Liegt das an dem Script, oder an meinem Server?


----------



## Dr Dau (3. Juli 2006)

Hallo!

Wahrscheinlich liegt es am Server (das Script kenne ich nicht), denn zip_open() ist eine Funktion von PHP..... und die steht dir nicht zur Verfügung.
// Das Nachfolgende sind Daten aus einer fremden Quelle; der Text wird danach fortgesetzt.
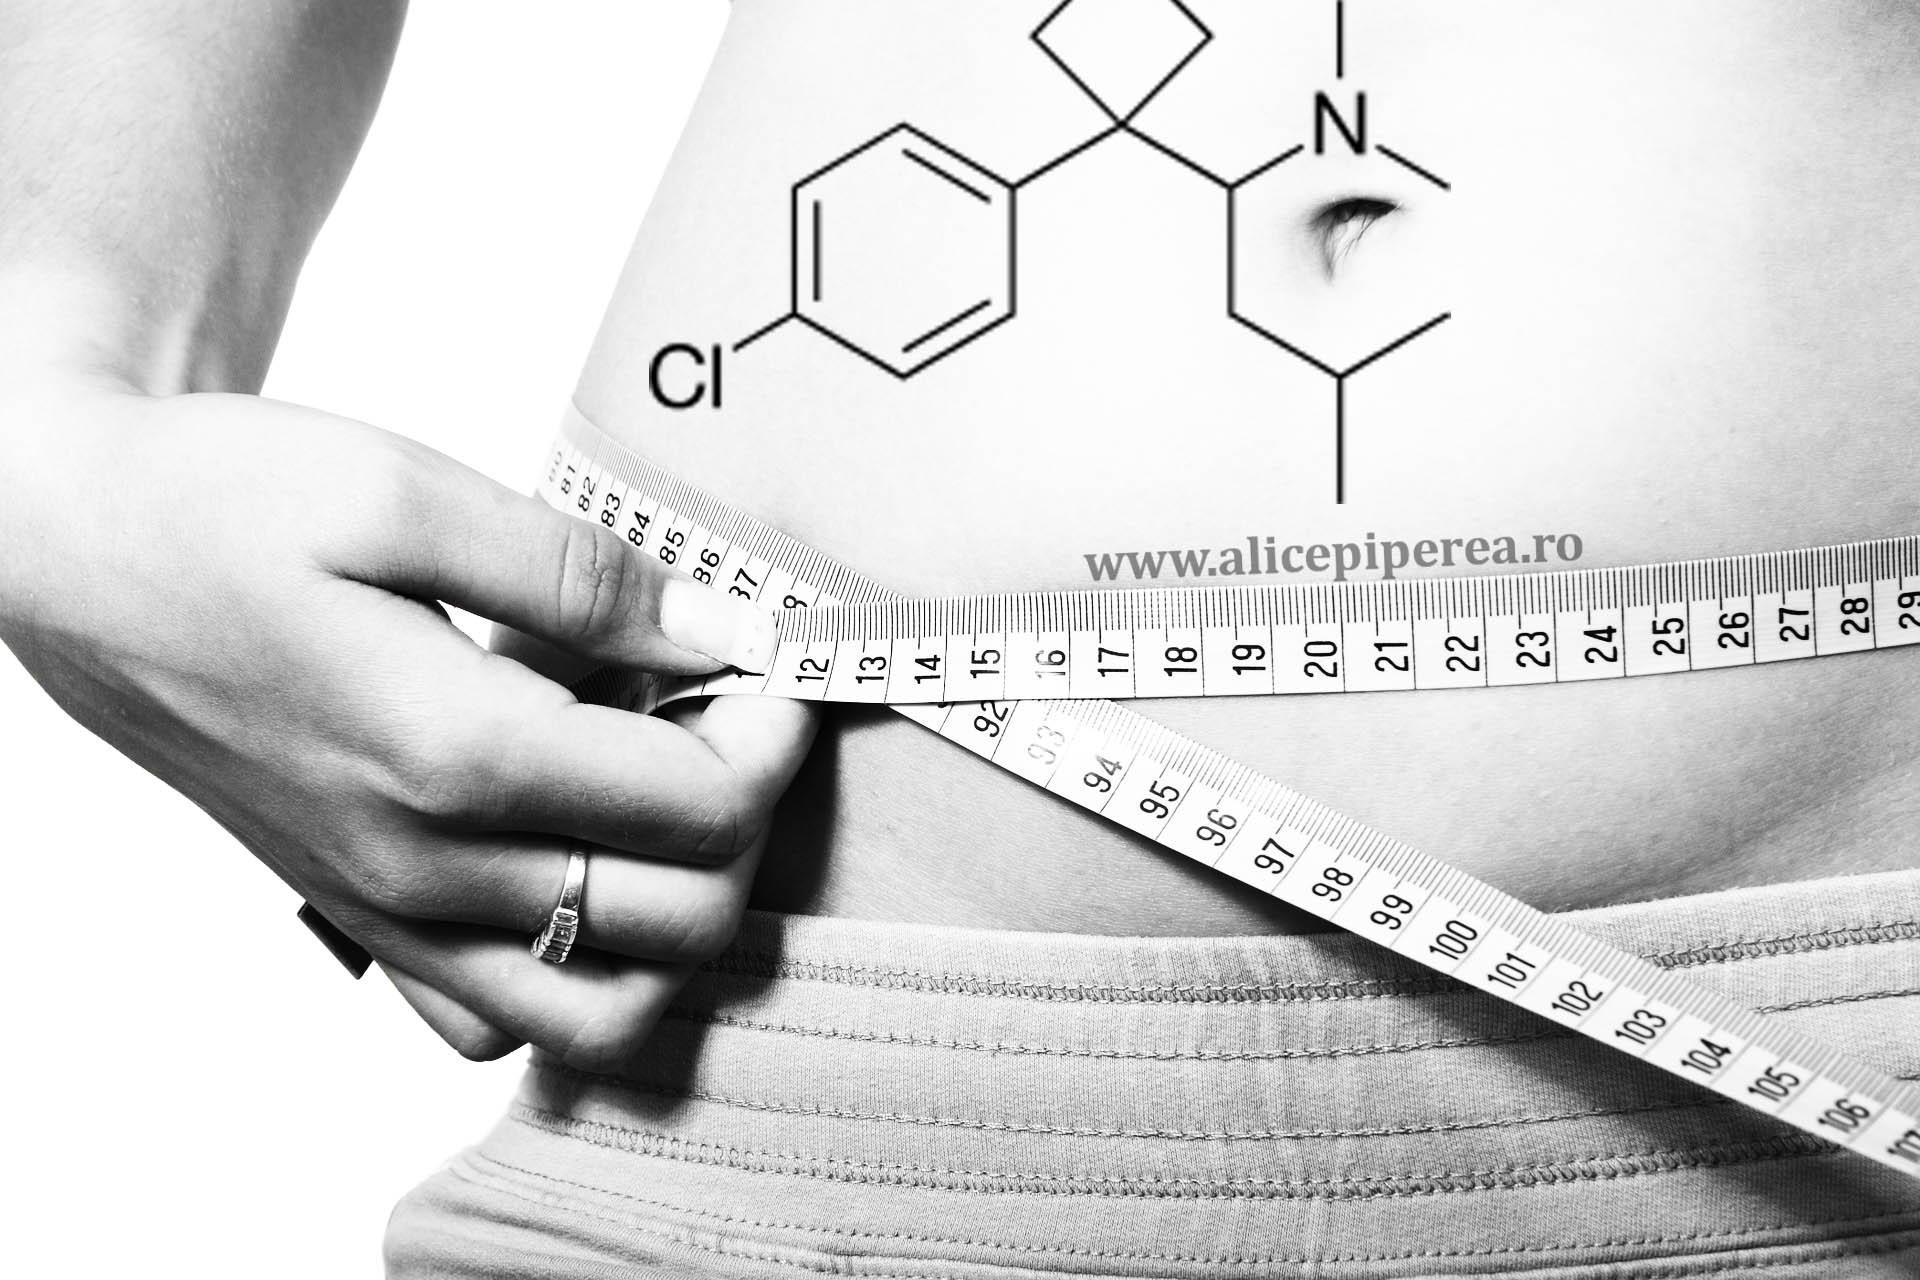 cele mai bune macrocomenzi pentru endomorful de pierdere în greutate cele mai bune conturi de twitter de pierdere în greutate

Ansonsten könntest Du Dir ja z.b. auch mal PclZip ansehen.
Diese Klasse kann auch Zip-Archive packen/entpacken.
Im User Manual sind auch Beispiele für die einzelnen Funktionen (z.b. für create() und extract()).

Gruss Dr Dau


----------



## Tix (6. Juli 2006)

auf dieser Seite mit dem PclZip war ich auch schon öfter, allerdings verstehe ich es nicht. Muss ich das bei mir auf dem Server installieren, oder ist das einfach nur ne andere PHP-Funktion die schon vorinstalliert ist?


----------



## Dr Dau (6. Juli 2006)

Du musst das Script, wie im Manual beschrieben, in Dein Script einbinden um die entsprechenden Funktionen nutzen zu können.
"installieren" brauchst Du dabei garnichts, das Script ist eine Klasse die von anderen Scripten genutzt werden kann.


----------